Dlaczego jednak starotestamentowy, żydowski Bóg był przedstawiany jako smok? Czy była to tylko alegoria siły?
W księgach Tory opisujących wędrówkę Izraelitów po (saudyjskiej?) pustyni mamy opis Namiotu Spotkania, w którym Mojżesz/Echanton i kapłani spotykali się z J... Codziennie zanosili oni tam swojemu Bóstwu ofiary z owiec i bydła. Z opisów biblijnych wynika również, że nad namiotem unosił się dym. Dlaczego jednak Wszechmogący Bóg potrzebowałby wielkiego namiotu, by się ukrywać przed oczami wiernych? I po co mu były ofiary z owiec i krów?
W Księdze Liczb, w rozdziale 31 jest natomiast opisana święta wojna przeciwko Madianitom. Mojżesz/Echnaton wydał wówczas ludobójczy rozkaz, mogący kojarzyć się z praktykami Państwa Islamskiego:
"7 Zabijecie więc spośród dzieci wszystkich chłopców, a spośród kobiet te, które już obcowały z mężczyzną. 18 Jedynie wszystkie dziewczęta, które jeszcze nie obcowały z mężczyzną, zostawicie dla siebie przy życiu."
Później jest mowa o szczegółowym podziale łupów. "28 Winieneś jednak od wojowników, którzy wyruszyli na wyprawę, wziąć jako dar dla Pana jedną sztukę na pięćset - zarówno z ludzi, jak też z wołów, osłów i owiec. (...) 36 Połowa przypadająca w udziale tym, którzy brali udział w wyprawie wojennej, wynosiła: trzysta trzydzieści siedem tysięcy pięćset owiec. 37 Z tego oddali Panu sześćset siedemdziesiąt pięć sztuk; 38 trzydzieści sześć tysięcy wołów - z czego oddali Panu siedemdziesiąt dwie sztuki; 39 trzydzieści tysięcy pięćset osłów, z czego oddali Panu sześćdziesiąt i jedną sztukę. 40 Wreszcie szesnaście tysięcy osób, z czego oddali Panu trzydzieści dwie osoby. "
Oddali Panu trzydzieści dwie osoby... Biorąc pod uwagę to, że wcześniej wybito wszystkich mężczyzn, chłopców i kobiety, który miały doświadczenia seksualne, to jeńcami zostały tylko bardzo młode dziewczęta - zapewne mające od 13 lat w dół. Biblia niestety nie mówi, co stało się z tymi zakładniczkami przekazanymi J.... Czy owe Bóstwo je zjadło na surowo, czy je wcześniej zarżnięto na ołtarzu ofiarnym, czy stały się niewolnicami seksualnymi tej Istoty lub kapłanów?
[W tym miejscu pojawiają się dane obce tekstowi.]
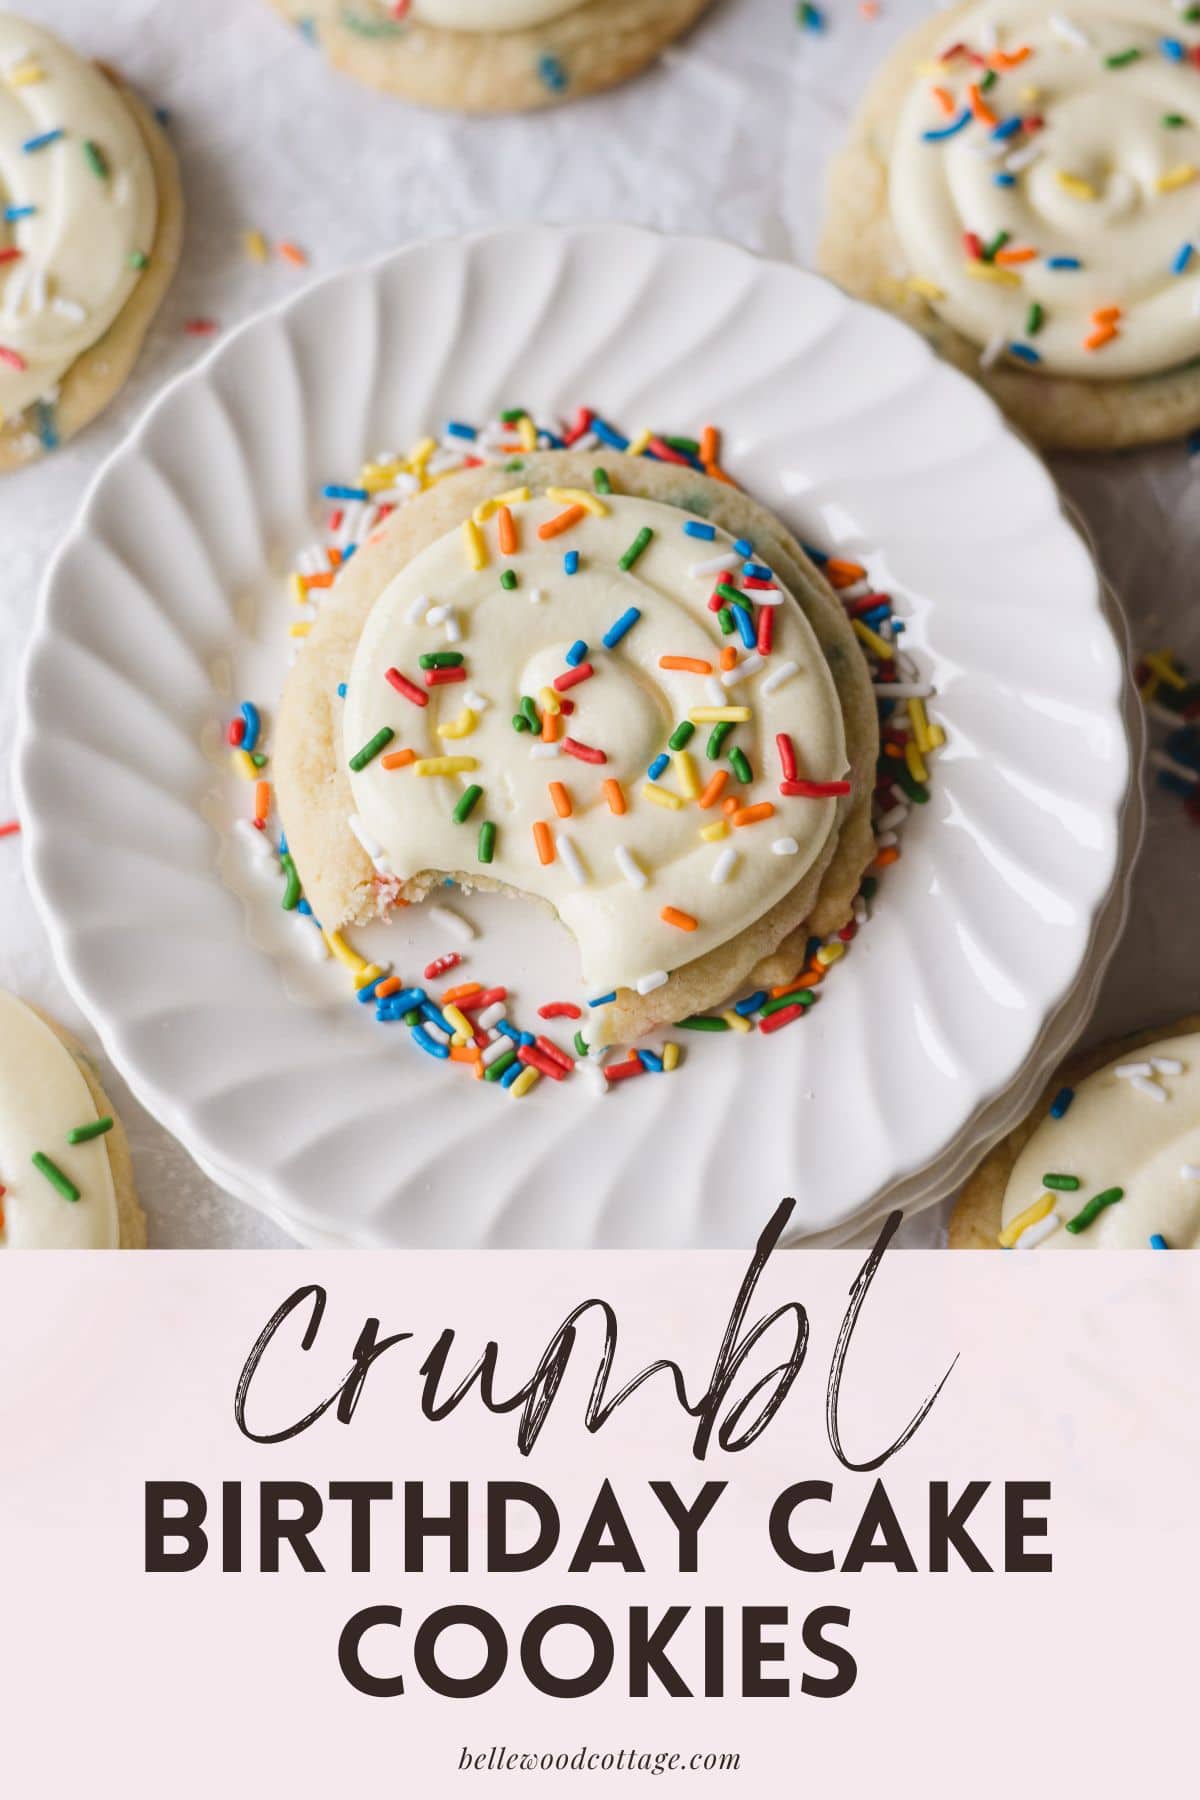 A frosted funfetti cookie topped with sprinkles with a bite removed and the words, "Crumbl Birthday Cake Cookies."

Jakoś żaden biblista - ani katolicki, ani prawosławny, ani protestancki nie wyjaśnił tej zagadki.
J... nie tylko więc był przedstawiany jako wielka latająca istota ziejąca ogniem i mająca długie nozdrza, z których buchał dym, ale również domagał się od ludzi ofiar w postaci: owiec, bydła, złota i dziewic.
Zarówno według mitologii europejskiej, jak i azjatyckiej oraz mezoamerykańskiej - smoki szczególnie lubiły takie kategorie ofiar.
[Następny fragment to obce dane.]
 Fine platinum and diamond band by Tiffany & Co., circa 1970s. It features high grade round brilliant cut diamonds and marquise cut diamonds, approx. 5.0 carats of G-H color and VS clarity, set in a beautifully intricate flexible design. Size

Czemu jednak J... miał w księgach opisujących Exodus i wędrówkę Izraelitów/zwolenników Echnatona po pustyni cechy smoka? Wszelkim oburzonym komentatorom zwracam uwagę, że nie jestem pierwszy, który to zauważył. Można znaleźć w necie analizy podobne do przedstawionej w poniższym filmie.
W poprzednim odcinku przypomniałem sprawę stworzenia przez Mojżesza idola w postaci Węża Miedzianemu. Przez kilkaset lat później oddawano mu cześć w Świątyni Jerozolimskiej. Był on znany jako Nechusztan.
Z owym Wężem Miedzianym wiąże się ciekawa sprawa lingwistyczna. W Księdze Liczb jest mowa o tym, że Bóg pokarał Izraelitów zsyłając na nich "węże o jadzie palącym". W niektórych wersjach językowych jest mowa o "wężach ognistych", np. "fiery serpents". W hebrajskim oryginale pada określenie "seraph" (w liczbie pojedyńczej). Owe węże są więc nazywane tak jak jednak z grup aniołów - Seraphim. Tymczasem w mitologii egipskiej istniały istoty określane jako "sfr". Były to węże ze skrzydłami. Możecie je zaobserwować choćby na malowidłach w grobowcach w Dolinie Królów. Latające węże? No, cóż w Chinach wąż jest określany jako "mały smok".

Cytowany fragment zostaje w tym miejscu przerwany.